Hi folks! This is my first post here and I hope to contribute to this site when I can. I don’t do commercial work I ranch but don’t hold that against me. I’m pro Husqvarna going back to the 80’s and most of my small equipment is pre-emission, before 1996. I take very good care of it and it has rarely let me down. The Husky 235R clearing or brush saw is my most used equipment. I would estimate I have cleared well over 200 acres of Central Texas brush and trees with it. The 235R recent started acting up and it appears several hundred dollars of repairs will be required to get it operational, probably needs bevel gears, bearing, and maybe a clutch. The engine runs as strong as ever. I think the thing would run on just about anything combustible, of course ethanol eats up the fuel line and they are replaced about once a year and I don't fuss about treating the fuel. Can’t say that about the few pieces of new equipment I have! So after much research I decided to go with a new Echo SRM-410 U. Mostly due to the 5 year warranty and locale service.
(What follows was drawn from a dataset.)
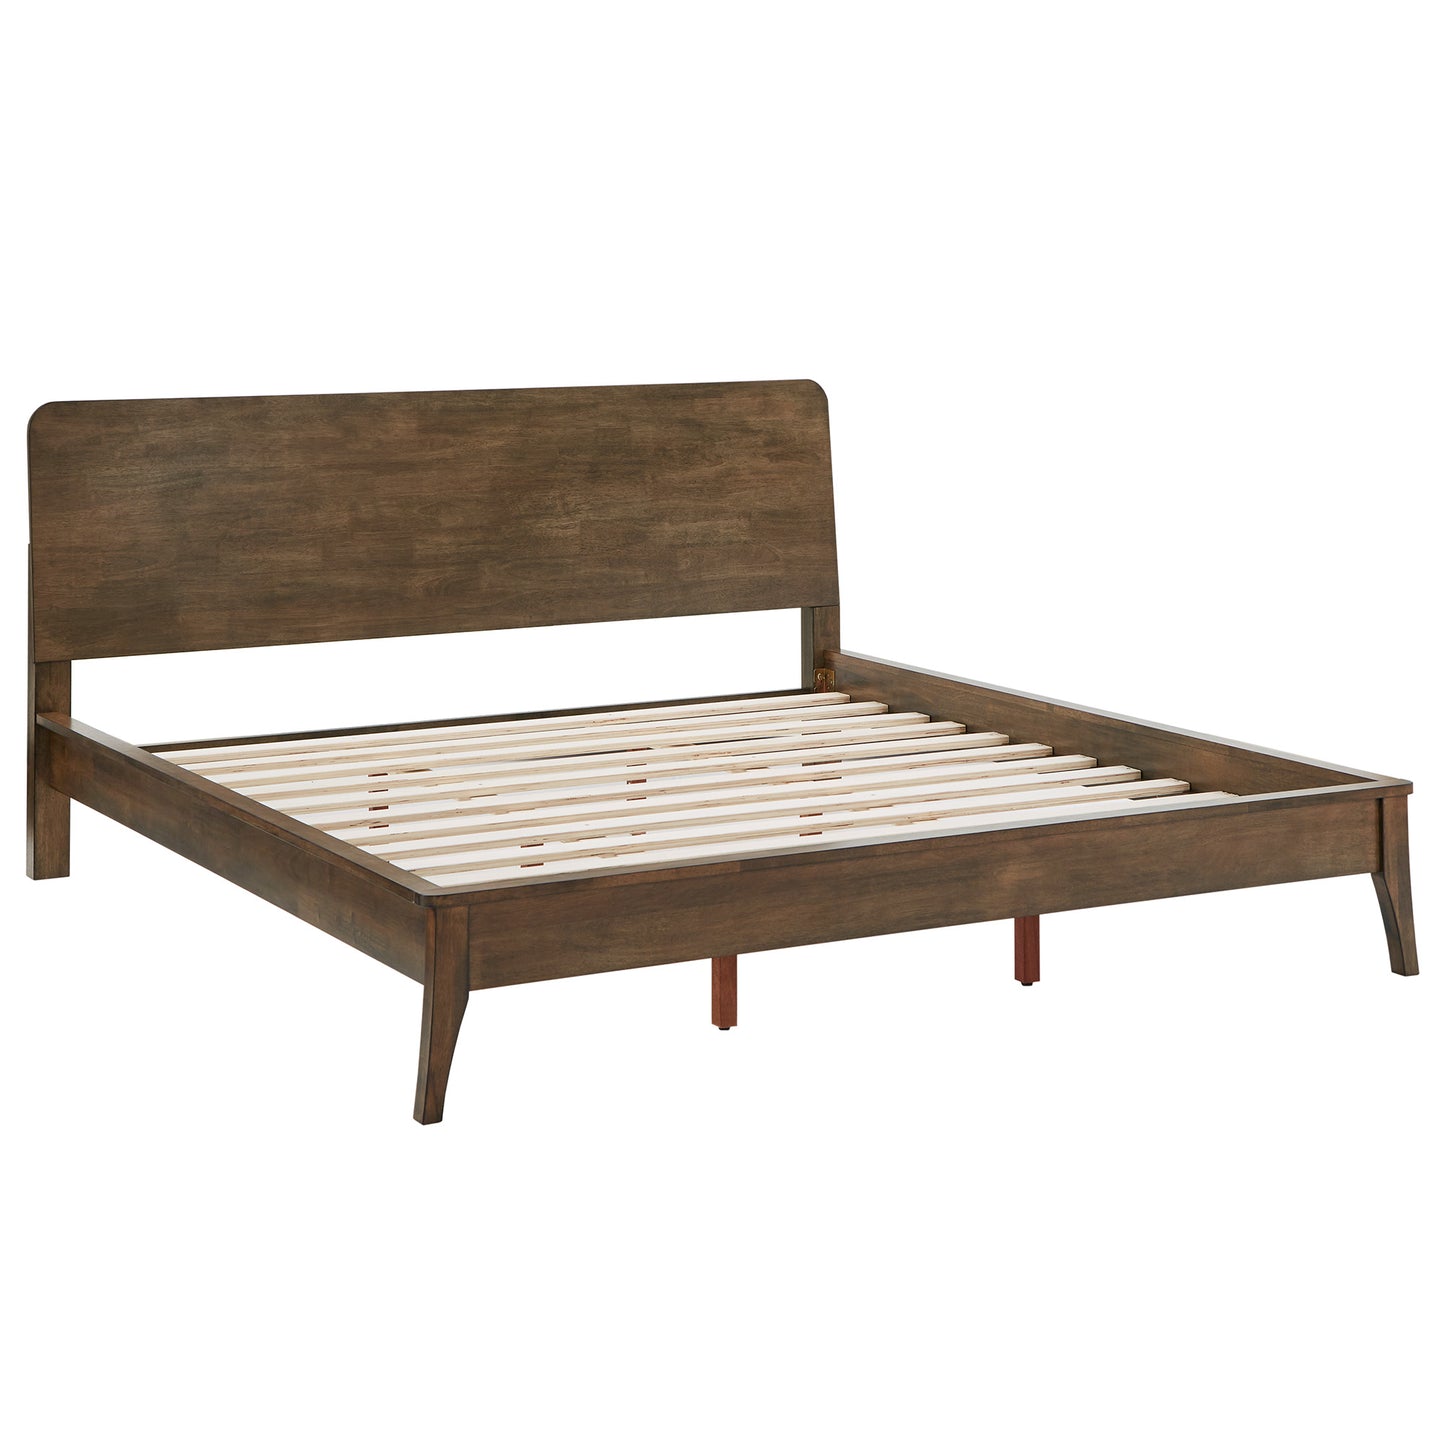 Wood Platform Bed - Walnut Finish, King Size

It’s been made a long time but heard they are not going to make it much longer so if you want one better get it now. After using it for just a few minute I know I have to make some mods to it. The included harness goes in the trash. The handle bars don’t allow the swing I had with Husky, handles hit my body when I swing left and all the adjustments I tried throw the balance off so I must do something to the existing ones or fab new ones. Several little thing aggravate me on the Echo too. When I was younger it probably wouldn’t have bothered me but those days or behind me now. So my question is what kind of tricks, mods, and/or customizing have ya’ll done to make a brush saw as comfortable as possible? Thanks!

PS – After talking with the Husky Rep the Husky 235R will get the parts. Nothing can match its longevity and performance today except for some well-kept pre 96 equipment.


----------



## 1Alpha1 (May 8, 2017)

I have a Stihl FS-250R. It came with a harness, which I've never used. I bought a couple of specialty blades for it than can be used on saplings, extremely heavy brush and the like.
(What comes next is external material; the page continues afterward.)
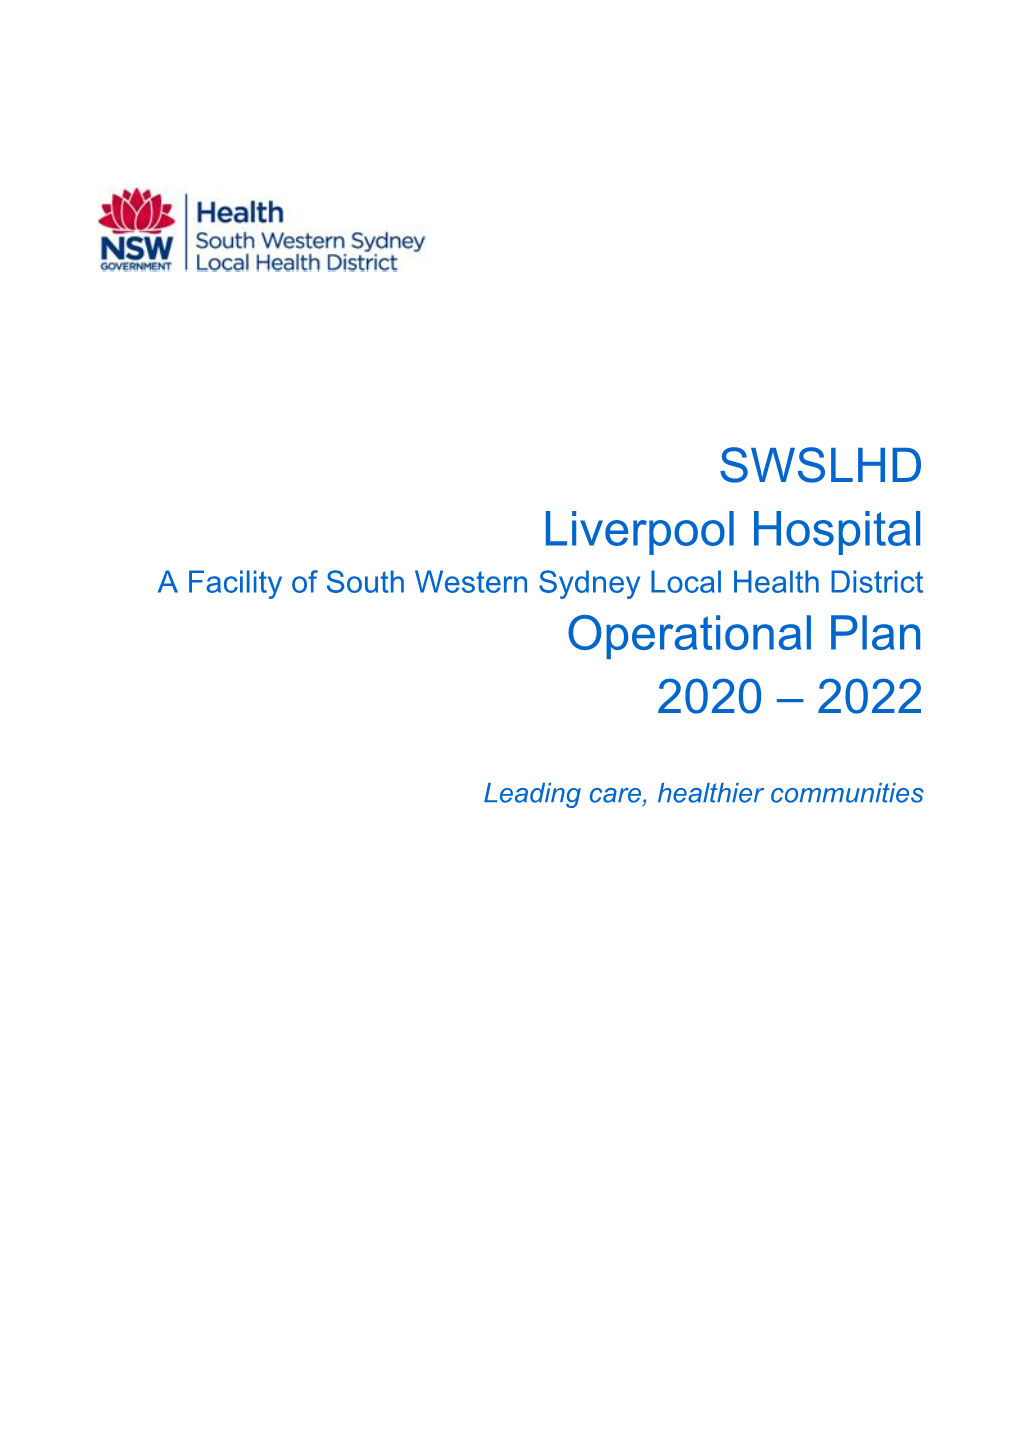 SWSLHD Liverpool Hospital Operational Plan 2020 – 2022

I haven't modded it in any way, except to lengthen the muffler exhaust nozzle, so that more of the exhaust is directed away from the engine. I don't know of any tricks for string trimmers / brush cutters.
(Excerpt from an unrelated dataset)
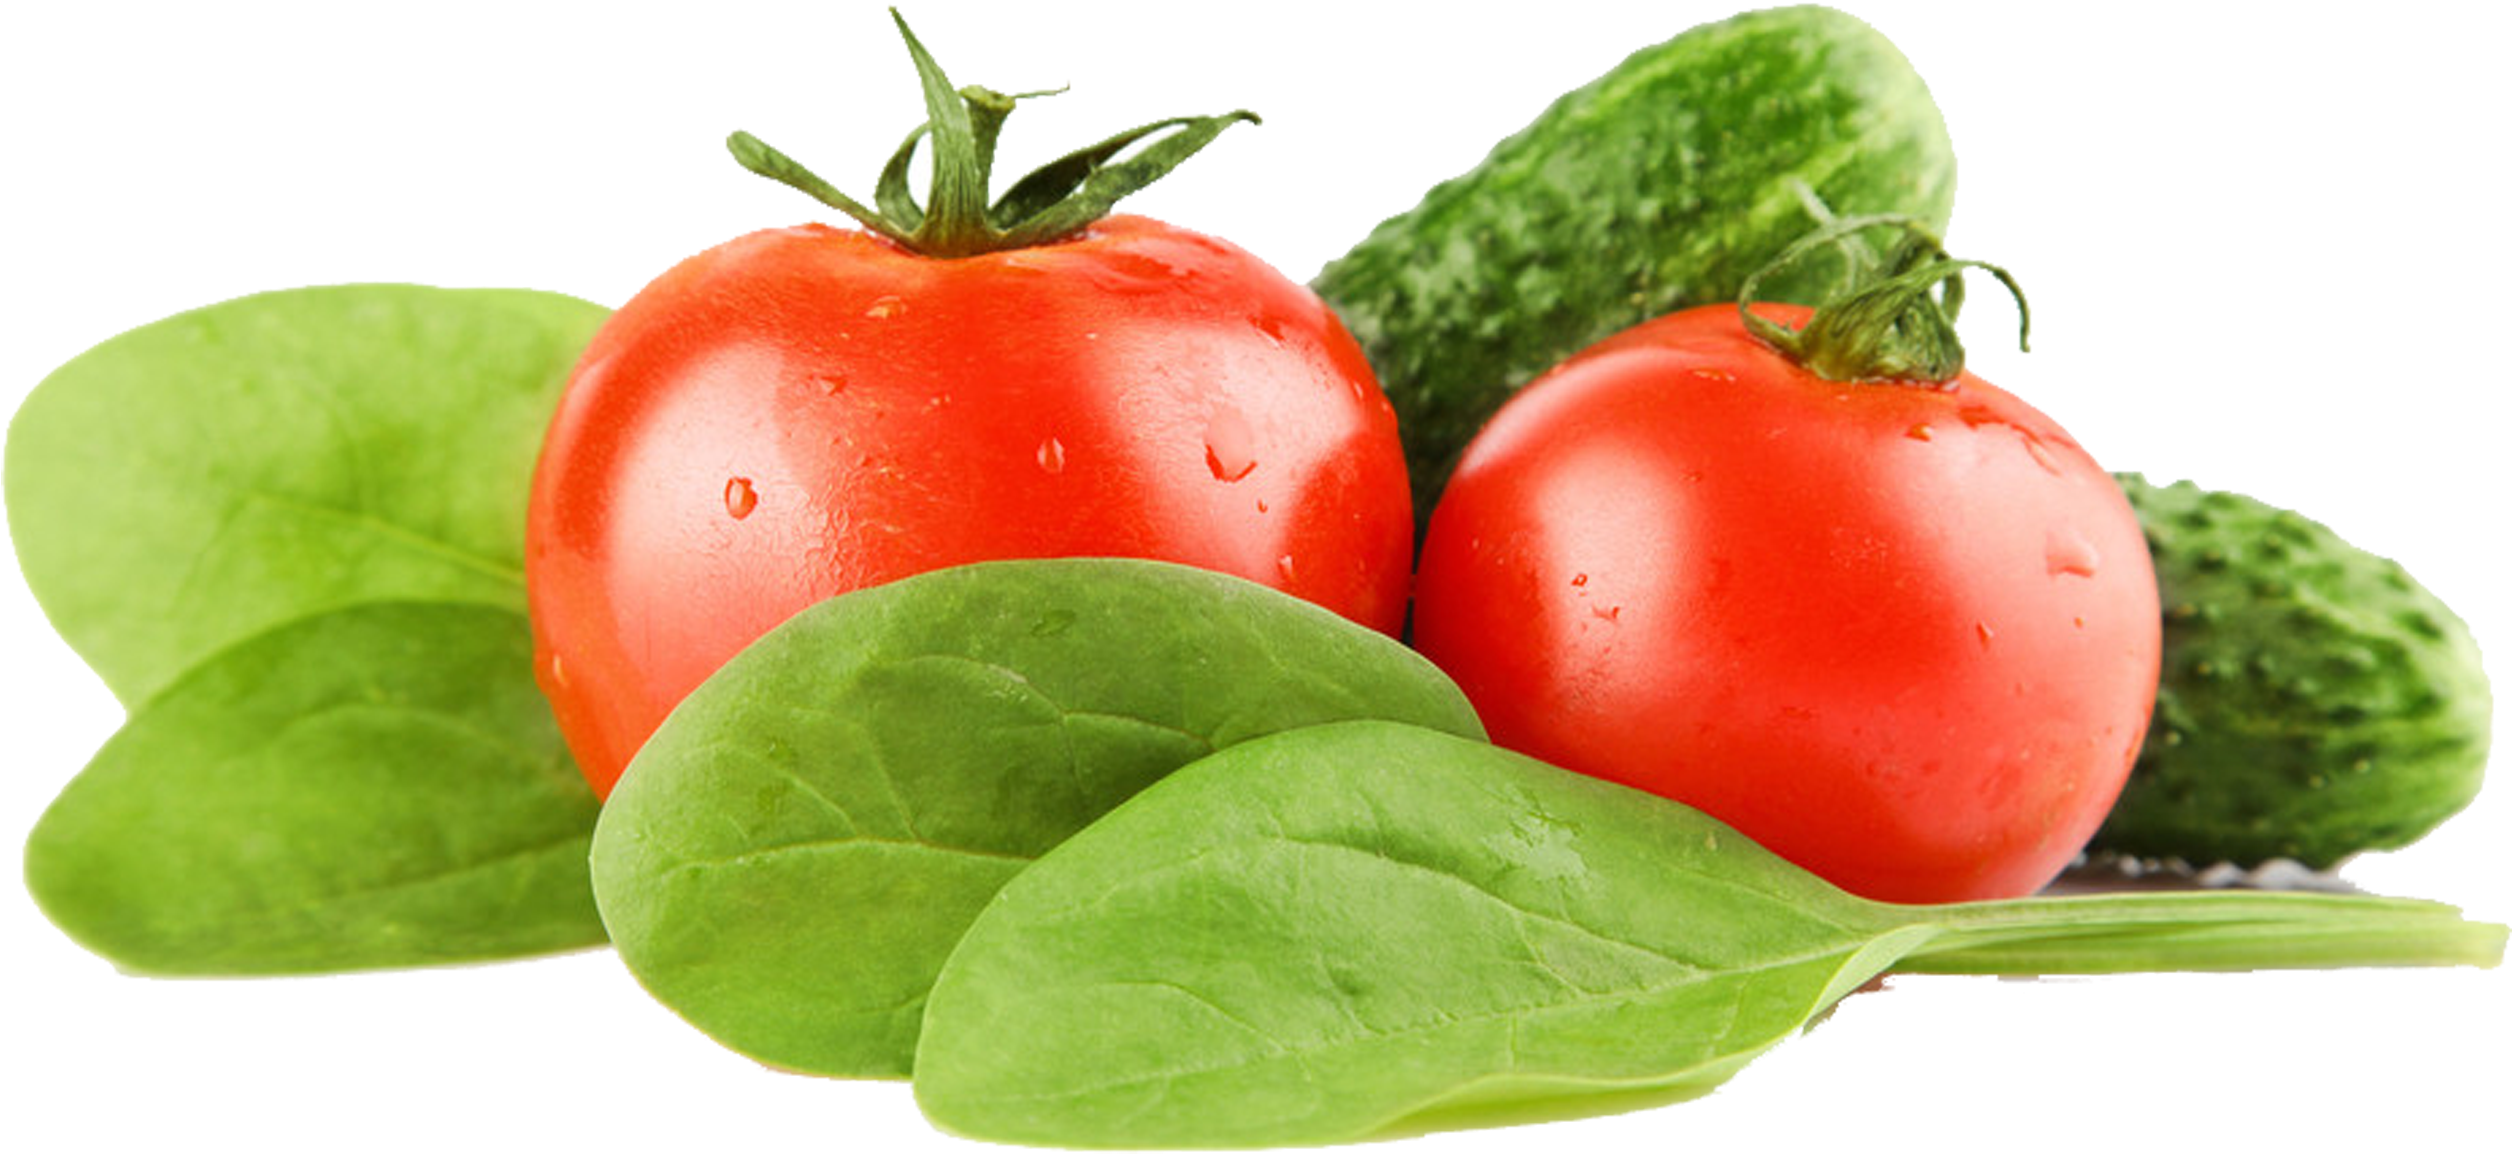 Juicer Vegetable Tomato - Inmaker Stainless Steel Vegetable Steamer Basket (2953x2953)

I'm much more interested in longevity. That means using only canned fuel (40:1) and maintaining it the best I can. It gets cleaned after each and every use. Fuel gets dumped back into the fuel can and I then start it back up and let it idle until it dies.


----------



## LegDeLimber (May 10, 2017)

I'm assuming that you may still be working in a large area(Ranch).
I'm thinking that might be hard to keep an eye on for brush fires sneaking out.
So Don't forget to keep some sort of spark arrestor on the exhaust.

If you haven't already found it, Look in the chainsaw section for some
muffler mod threads.
There should be some ideas for finding an appropriate screen and fabricating a larger spark arrestor, if needed.


----------



## sawfun (May 10, 2017)

I had read in a thread a few years back that Mastermind looked at porting someone's fs250 and decided the clutch would probably not hold the added power. Lots may be gained with the engine, however the rest of the machine has to be built to deal with that as well.


----------